Opinion, La Marina BJ – Alors que le débat mondial sur l’intelligence artificielle se focalise sur le remplacement des employés de bureau et la course aux superordinateurs, une étude du Fonds Monétaire International (FMI) rappelle une réalité tout autre pour l’Afrique subsaharienne. Loin des fantasmes de la Silicon Valley, c’est dans les exploitations agricoles, les petits commerces et les ateliers informels que se joue la véritable révolution de l’IA.
D’ici 2030, près d’un nouveau venu sur deux sur le marché du travail mondial sera issu d’Afrique subsaharienne. Ce raz-de-marée démographique pose un défi titanesque quant à la capacité des économies à garantir à cette jeunesse des emplois décents et rémunérateurs.
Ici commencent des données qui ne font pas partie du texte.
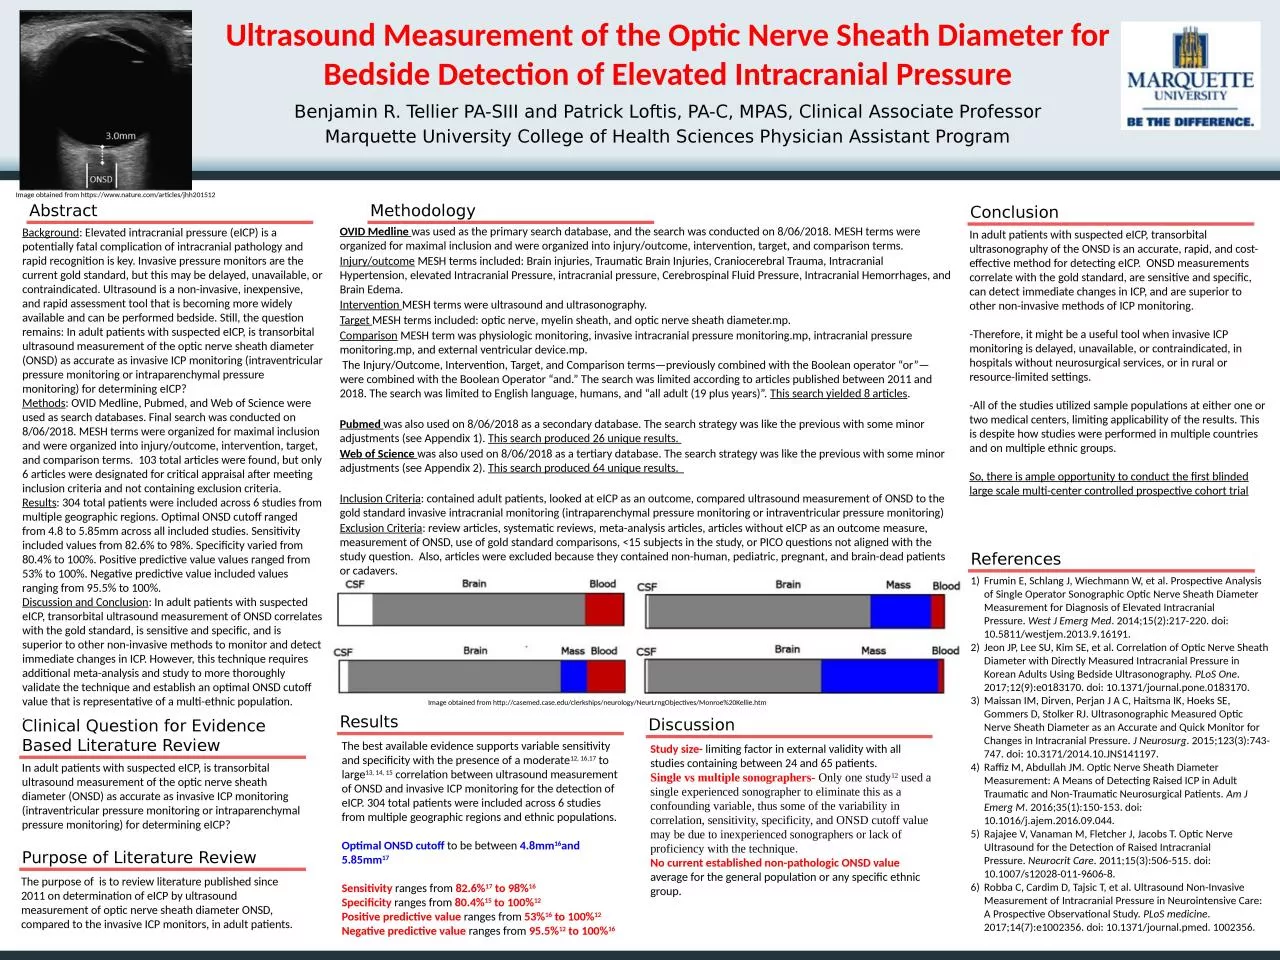 Ultrasound Measurement of the Optic Nerve Sheath Diameter for Bedside Detection of Elevated
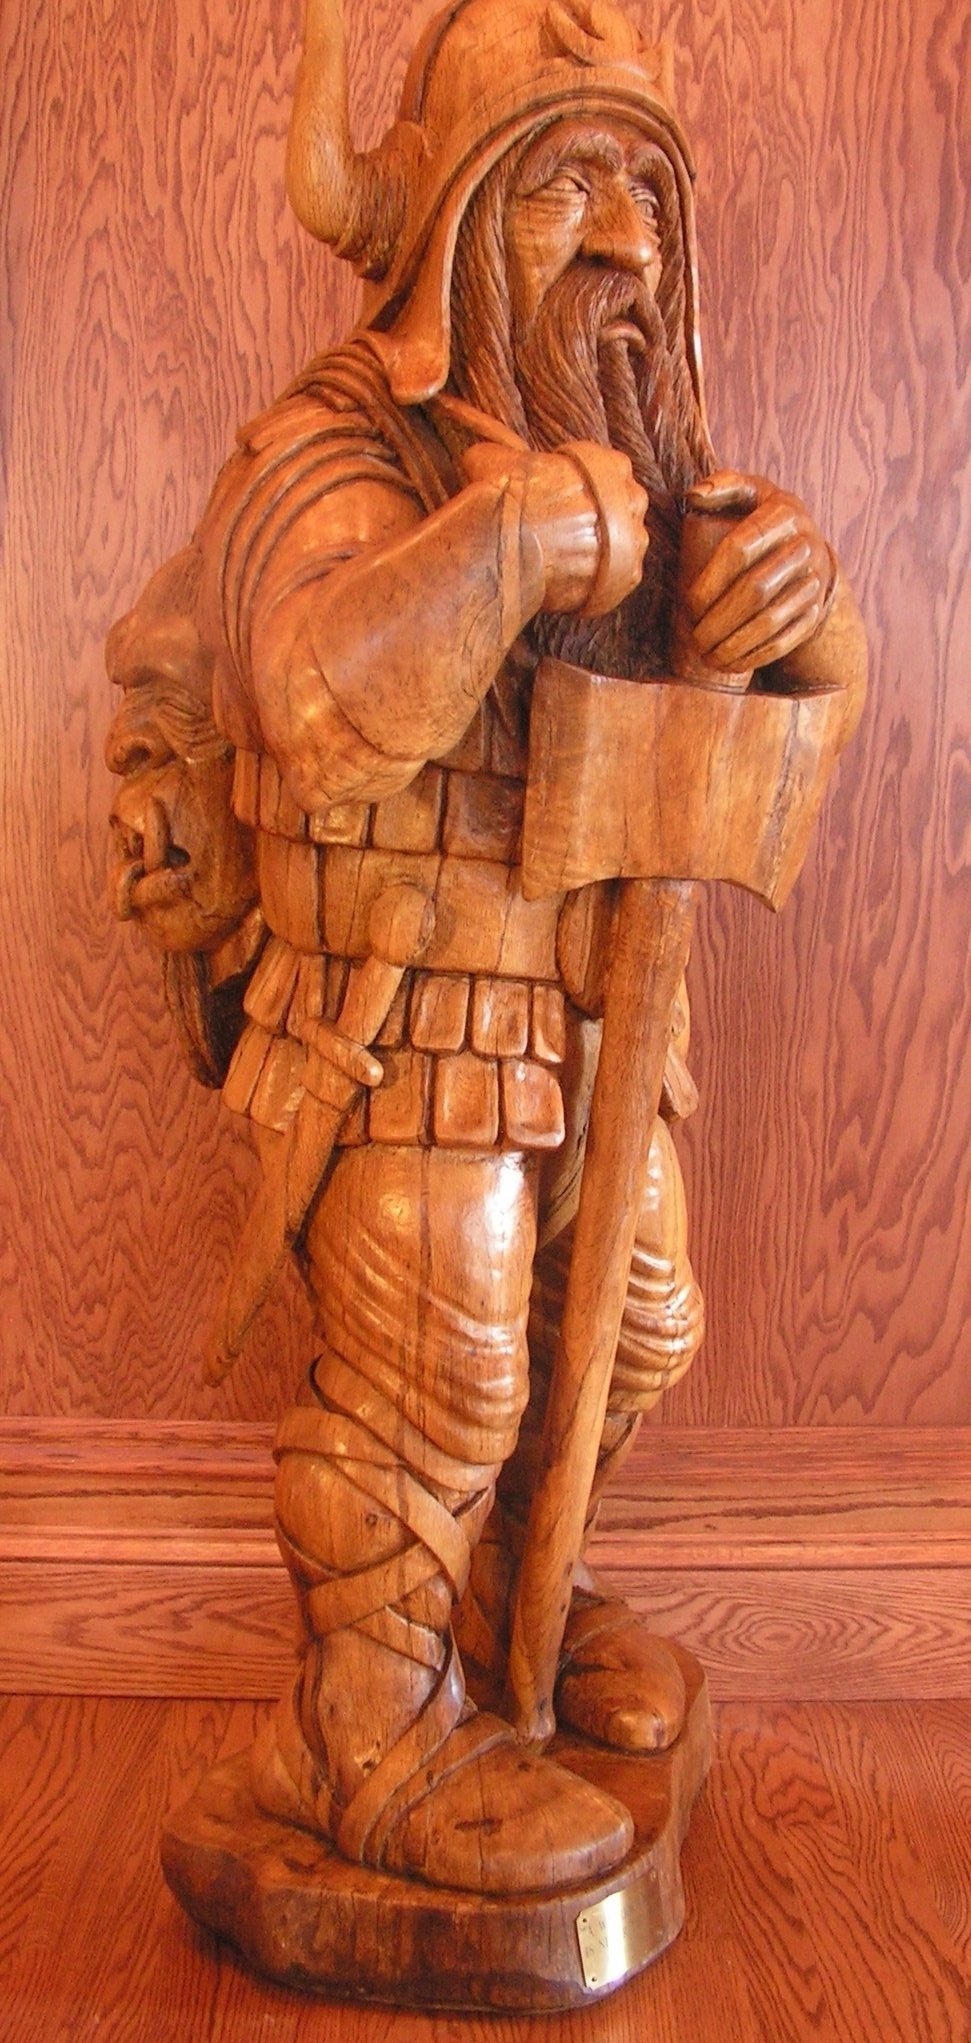 Ronald Smith: 'A Warrior Dwarf is Never Too Old', 1997 , Figurative.  A Warrior Dwarf is Never Too Old , Sculpture, wood, fantasy, Tolkien, mythology, figurative, representational...

Aujourd’hui encore, l’écrasante majorité des travailleurs de la région survit dans le secteur informel ou la micro-agriculture, des activités où la productivité demeure dramatiquement faible. C’est précisément à ce niveau que l’intelligence artificielle pourrait changer la donne, à condition d’être saisie comme un outil de terrain.
Le scénario à 4 % de PIB
Selon les projections publiées par les économistes du FMI, à savoir Martin Schindler, Nikola Spatafora et Andrew Tiffin, le statu quo coûterait très cher à la région. Si l’Afrique conserve son niveau actuel de préparation, l’IA ne contribuera qu’à hauteur de 0,2 % du PIB sur la prochaine décennie, ce qui équivaut à une simple erreur d’arrondi. En revanche, si les États posent dès aujourd’hui les jalons d’une adoption à grande échelle, les gains de productivité pourraient injecter jusqu’à 4 % de PIB supplémentaire en dix ans, apportant ainsi près d’un demi-point de croissance annuelle de plus à la région. « Dans la région, le principal atout de l’IA n’est pas qu’elle remplacera les employés de bureau, mais qu’elle dopera la productivité dans l’ensemble de l’économie. » indique le rapport FMI.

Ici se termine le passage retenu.